START Supplied data

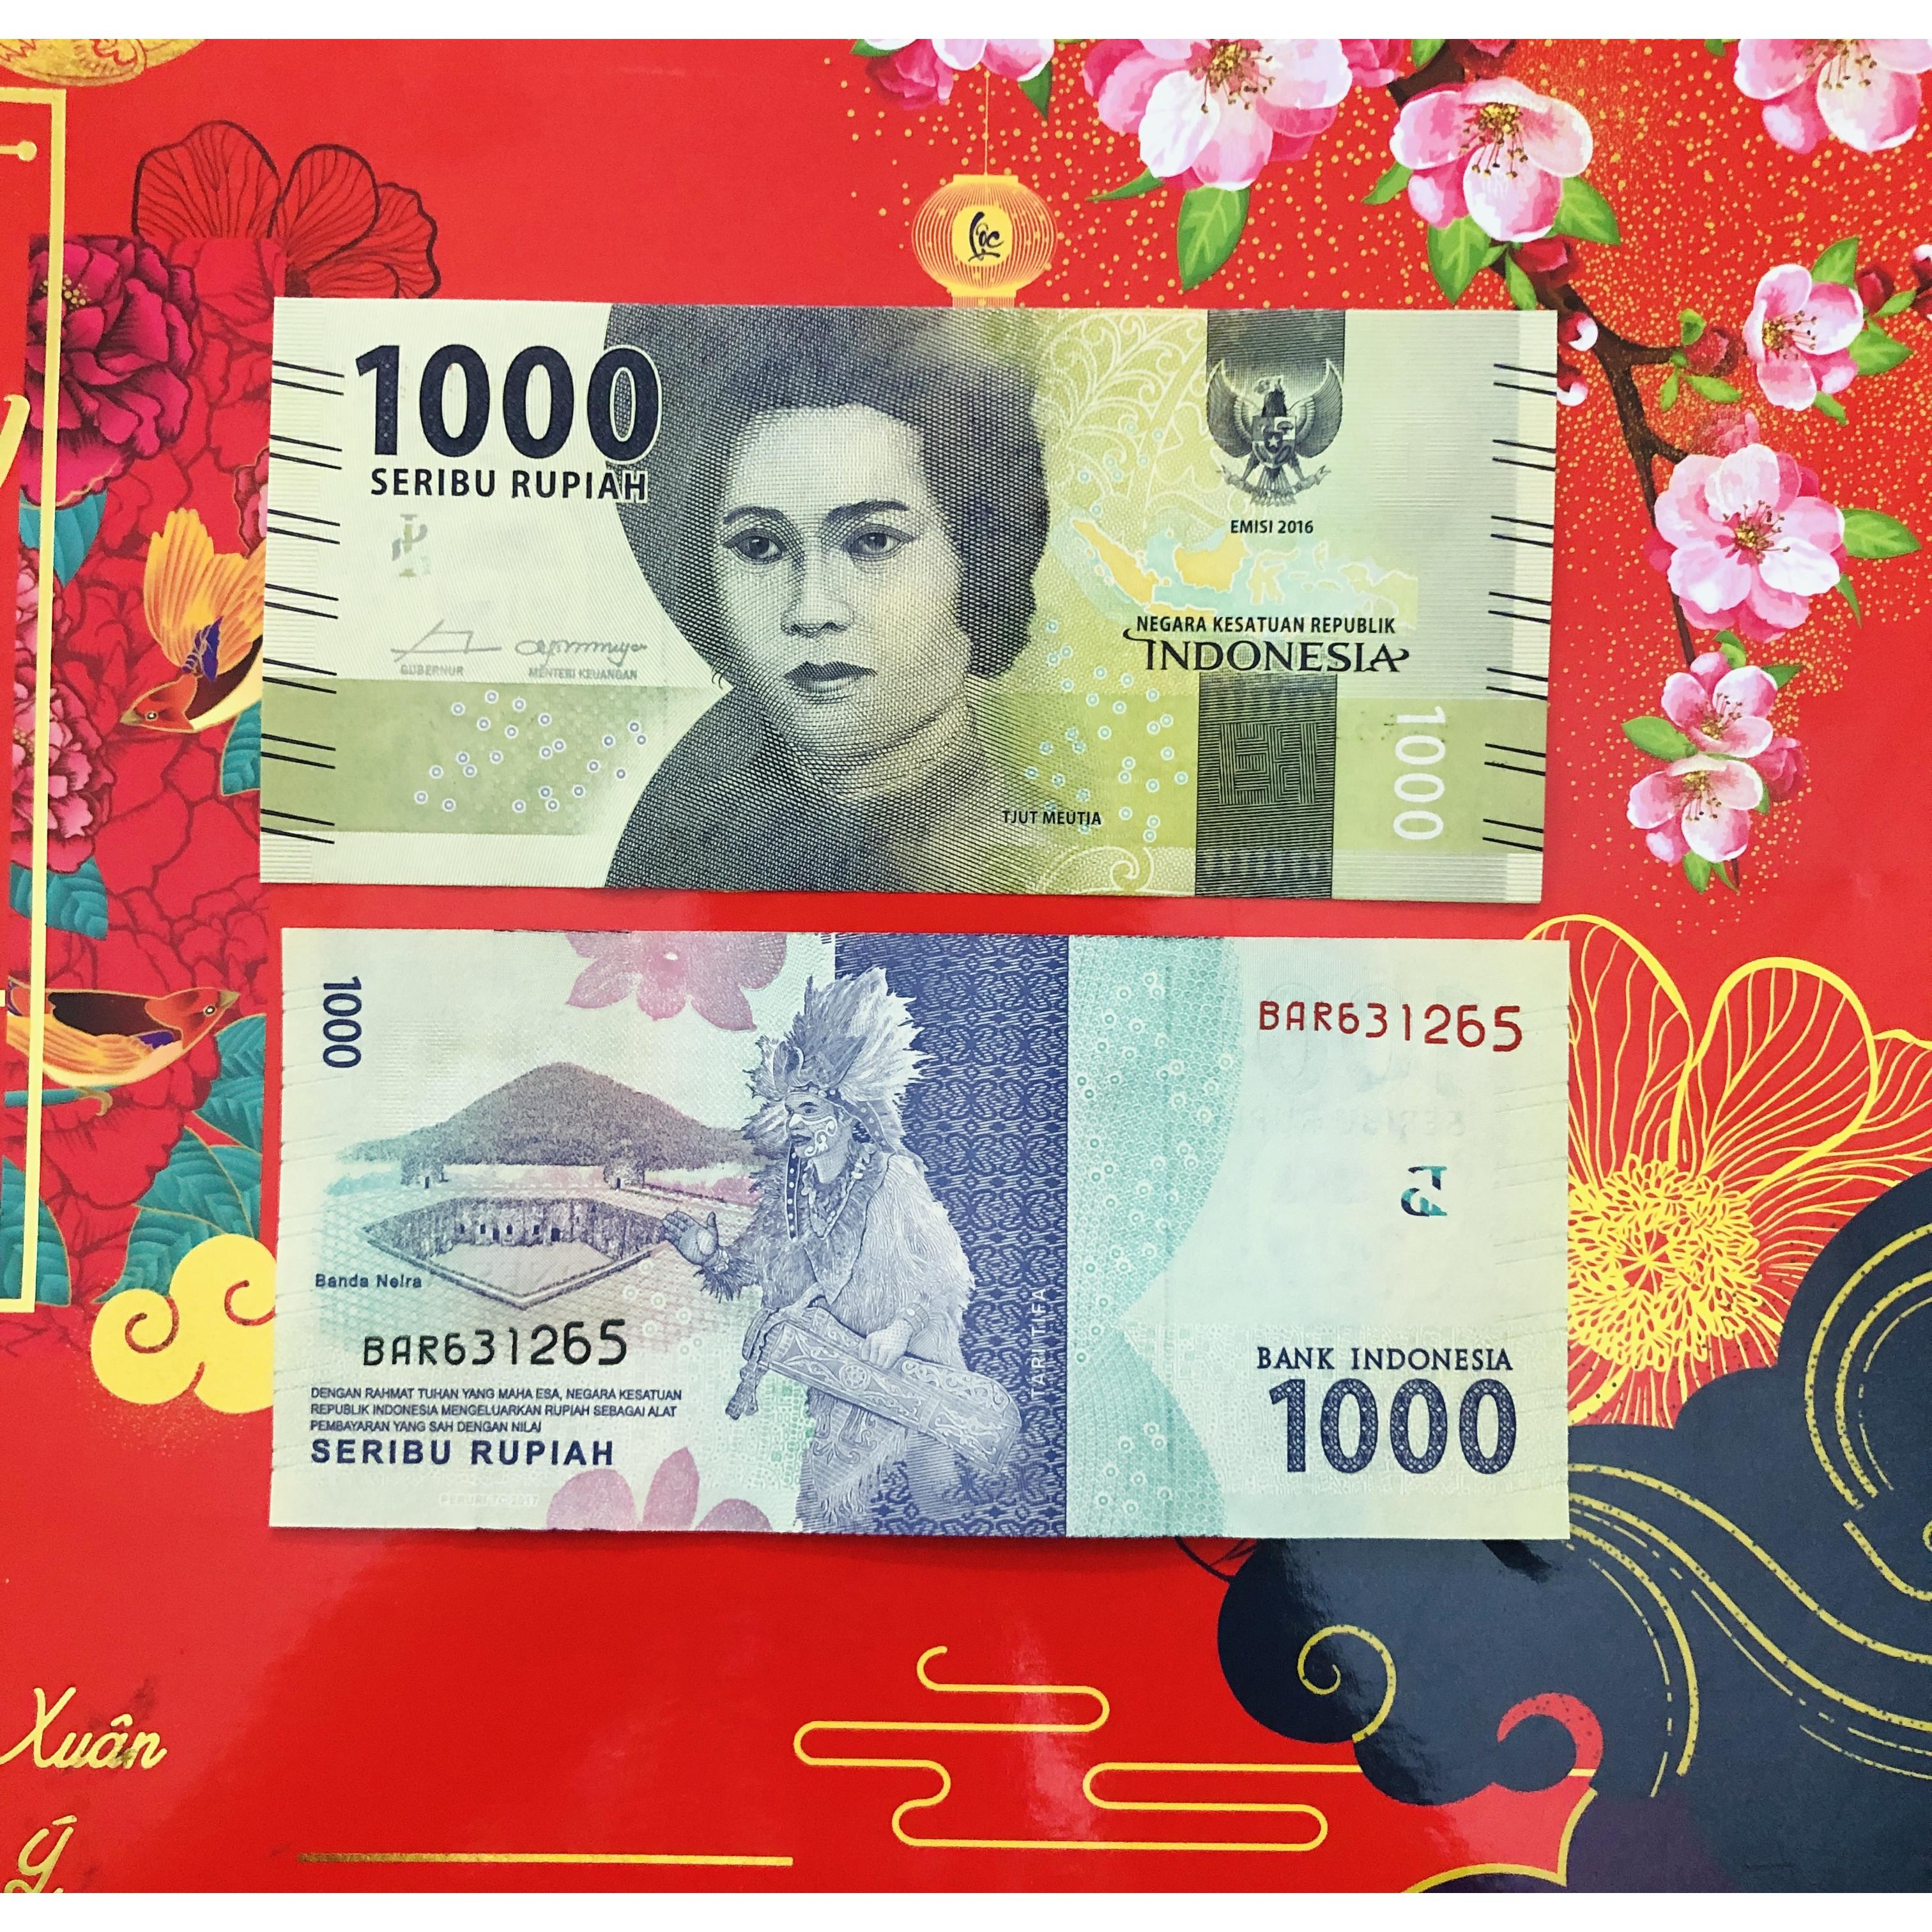 01 Tờ tiền Indonesia 1000 Rupiah xưa sưu tầm - kèm bao lì xì
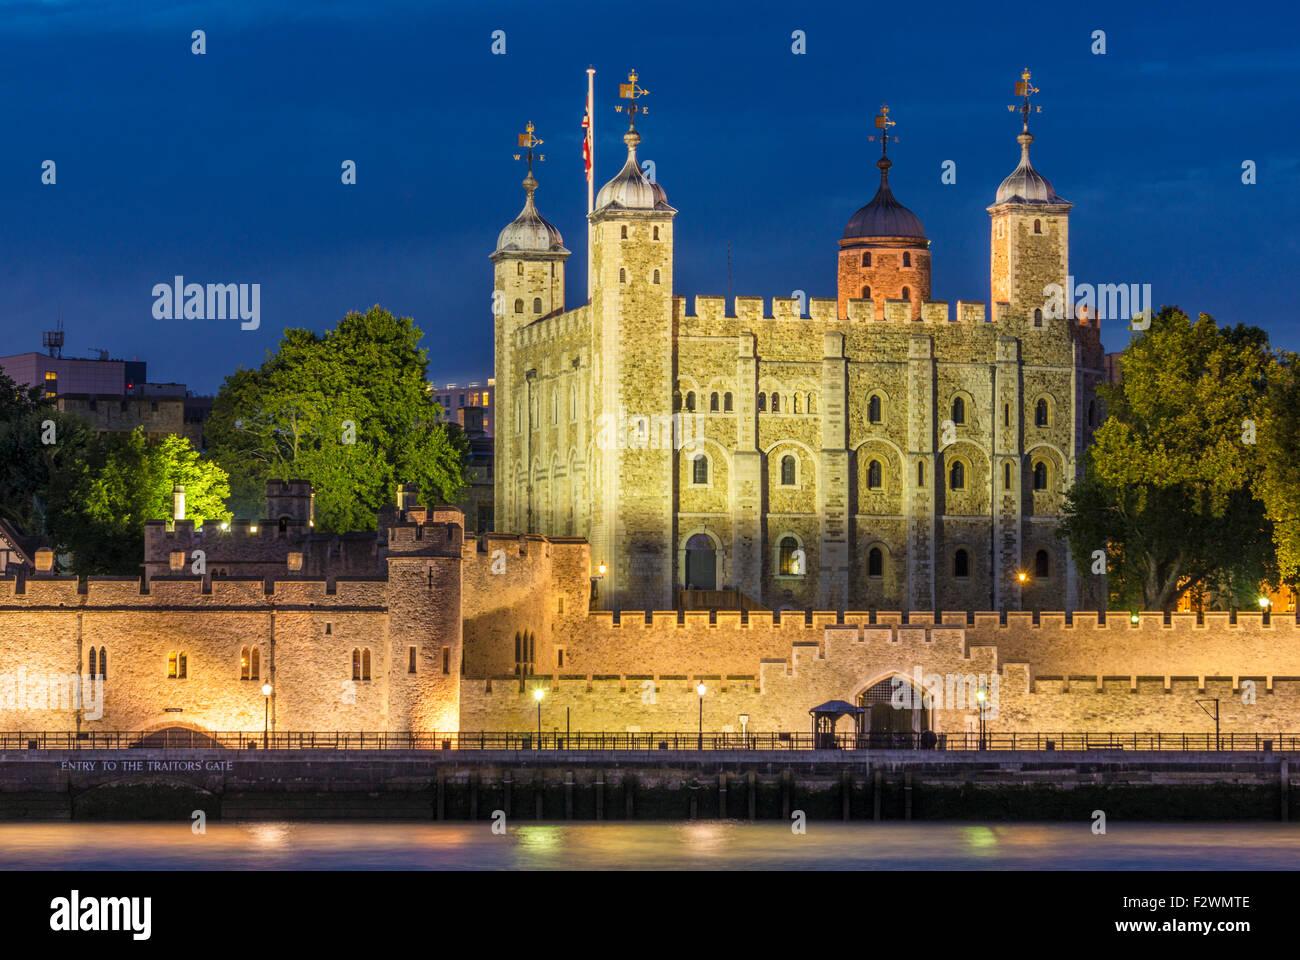 La torre blanca y el castillo de la Torre de Londres vista nocturna de la ciudad de Londres, Inglaterra GB UK EU Imagen De Stock
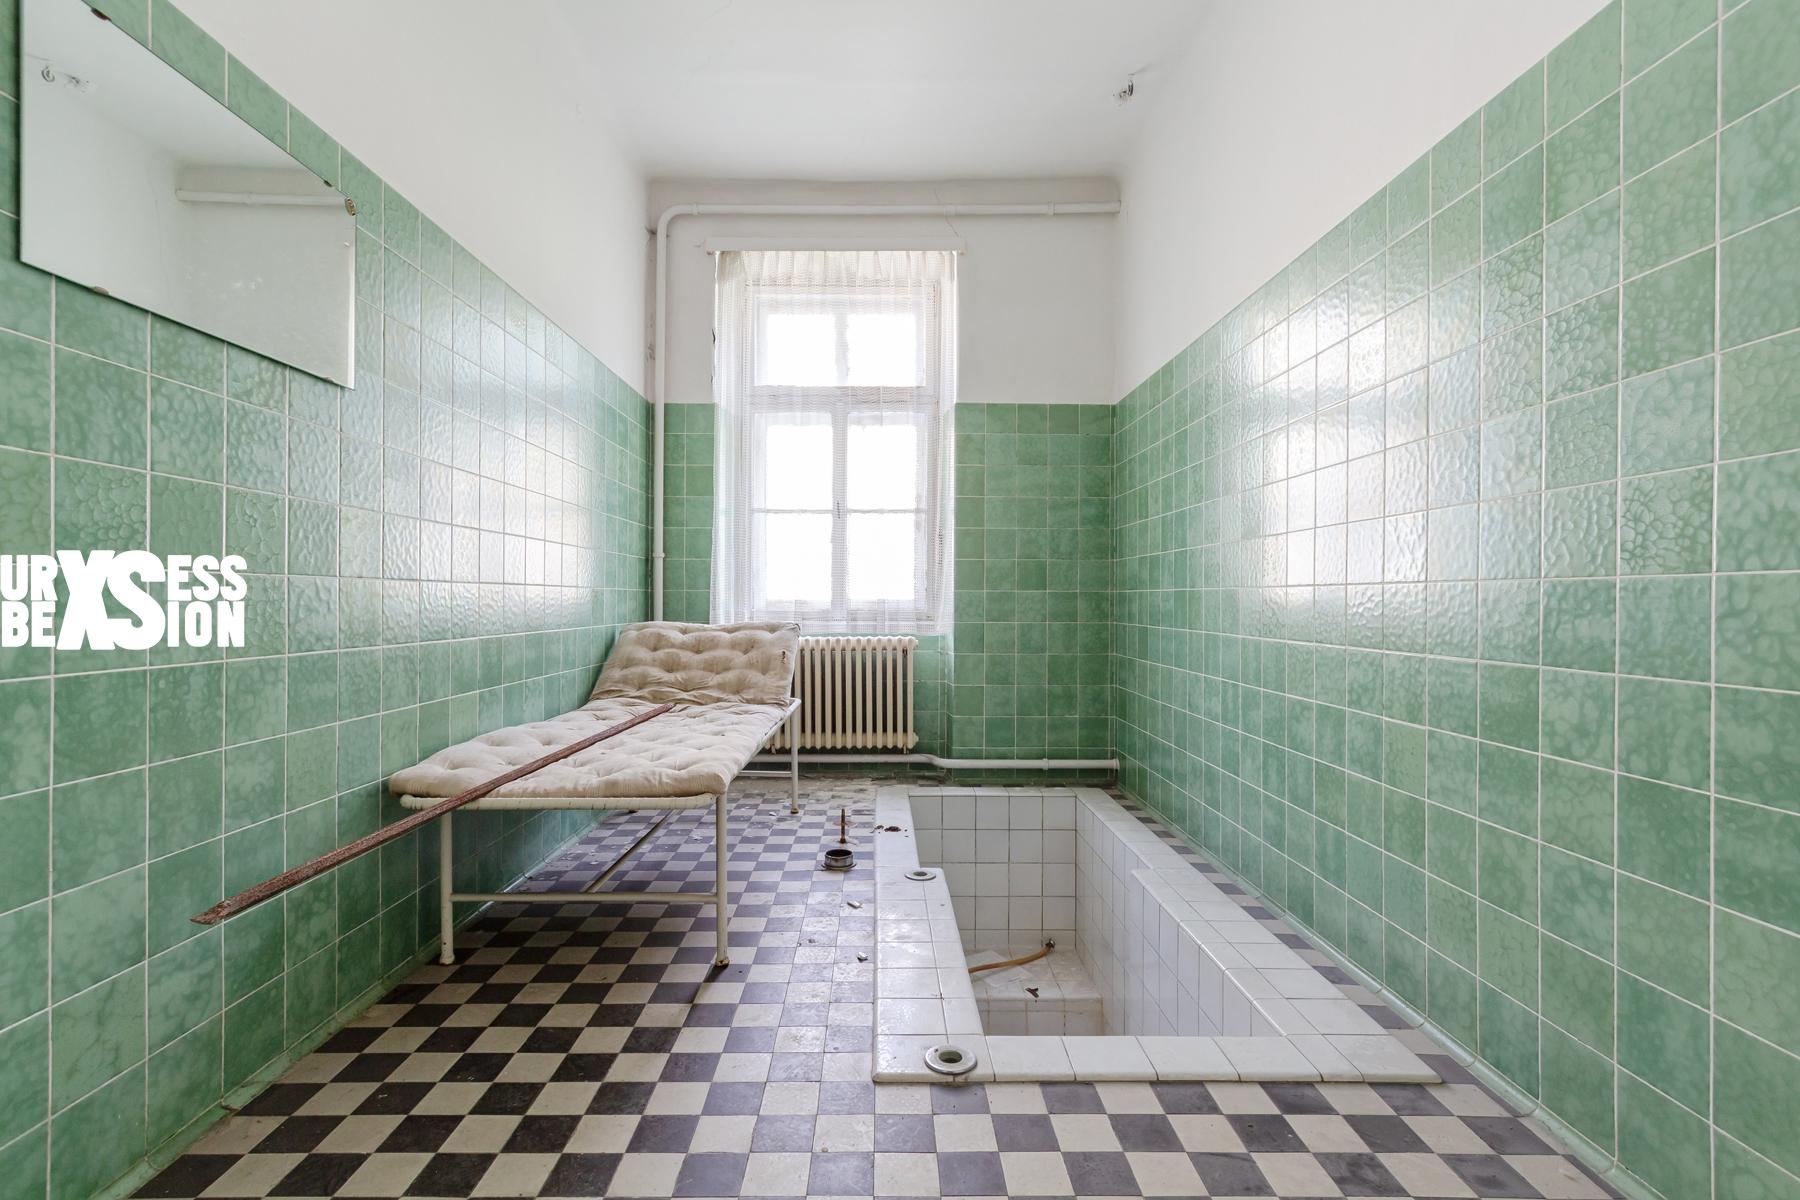 Hôtel abandonné en Autriche   urbexsession.com/hotel-udo-proksch   Urbex Autriche

END Supplied data

## Directions for this task
Every line from the one containing "La torre blanca" through the last line of the listing must be written out again exactly, and no other line. Leave the pictures aside.

## Task answer
 La torre blanca y el castillo de la Torre de Londres vista nocturna de la ciudad de Londres, Inglaterra GB UK EU Imagen De Stock
 Hôtel abandonné en Autriche   urbexsession.com/hotel-udo-proksch   Urbex Autriche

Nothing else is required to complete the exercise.